Version 1.97 ------Sequential Output------ --Sequential Input- --Random-
Concurrency 1 -Per Chr- --Block-- -Rewrite- -Per Chr- --Block-- --Seeks--
Machine Size K/sec %CP K/sec %CP K/sec %CP K/sec %CP K/sec %CP /sec %CP
mint 512M 110 72 5173 3 5721 1 704 98 +++++ +++ 91.0 1
Latency 6428ms 2545ms 2241ms 26638us 64us 7248us
Version 1.97 ------Sequential Create------ --------Random Create--------
mint -Create-- --Read--- -Delete-- -Create-- --Read--- -Delete--
files /sec %CP /sec %CP /sec %CP /sec %CP /sec %CP /sec %CP
16 1624 7 +++++ +++ 3263 11 3676 19 +++++ +++ 10935 49
Latency 1061us 1950us 1766us 555us 257us 993us
1.97,1.97,mint,1,1458889676,512M,,110,72,5173,3,5721,1,704,98,+++++,+++,91.0,1,16,,,,,1624,7,+++++,+++,3263,11,3676,19,+++++,+++,10935,49,6428ms,2545ms,2241ms,26638us,64us,7248us,1061us,1950us,1766us,555us,257us,993us
I haven't had the "opportunity" to do another reboot yet,
thus I couldn't check whether behaviour is now different.
> > Thus, the question here would be
> > which parts may need to be sufficiently improved
> > to achieve an acceptable level of usability.

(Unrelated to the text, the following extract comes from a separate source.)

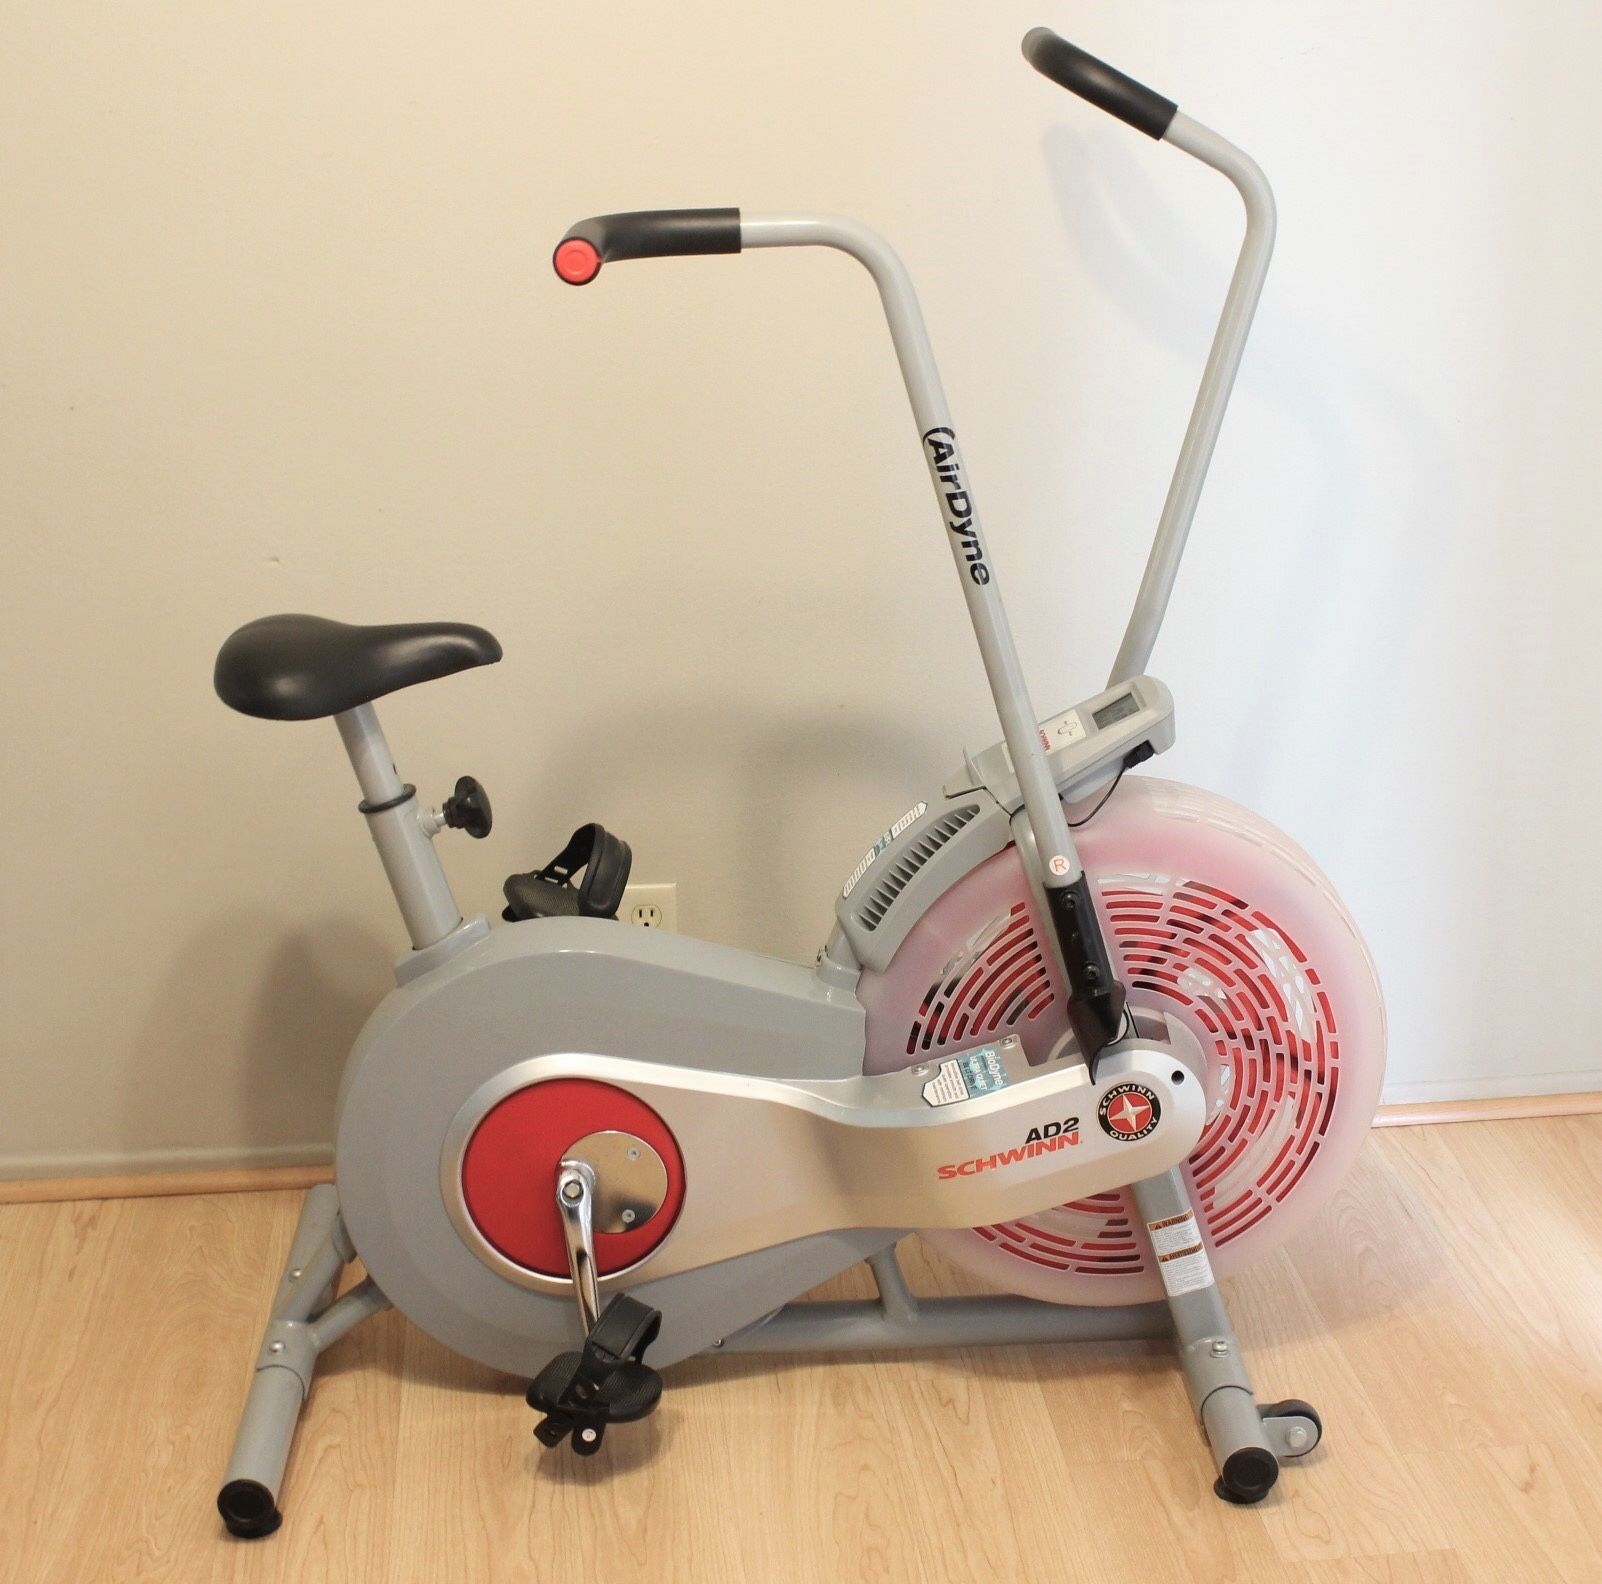 Schwinn Airdyne AD2 Assault Bike Indoor Stationary Fan Bicycle Cycling Exercise Fitness Crossfit

> > I'd think that even simply adding a message
> > that one is about to enter a potentially longer-term operation
> > (with a details message such as "recovery")
> > rather than "standard" mount activity
> > would be sufficient,
> > both for text boot *and* GUI boot with some sufficiently accessible
> > "boot details" window.
>
> Well, we could, but on most devices, it's largely wasted. Perhaps the
> more interesting question is why is your USB stick so slow? Because
> that's going to have a much larger usability issue for you...
Hmm, ok, I guess I could accept
not having a pre-recovery announcement done
if recovery is fully intended to be rather fast always.
Still, in my case status reporting then ended up sufficiently irritating,
due to rather unexpected behaviour (probably of this stick).
> Cheers,
>
> - Ted
Thank you!
(and apologies for the large delay in replying)
Andreas Mohr
--
GNU/Linux. It's not the software that's free, it's you.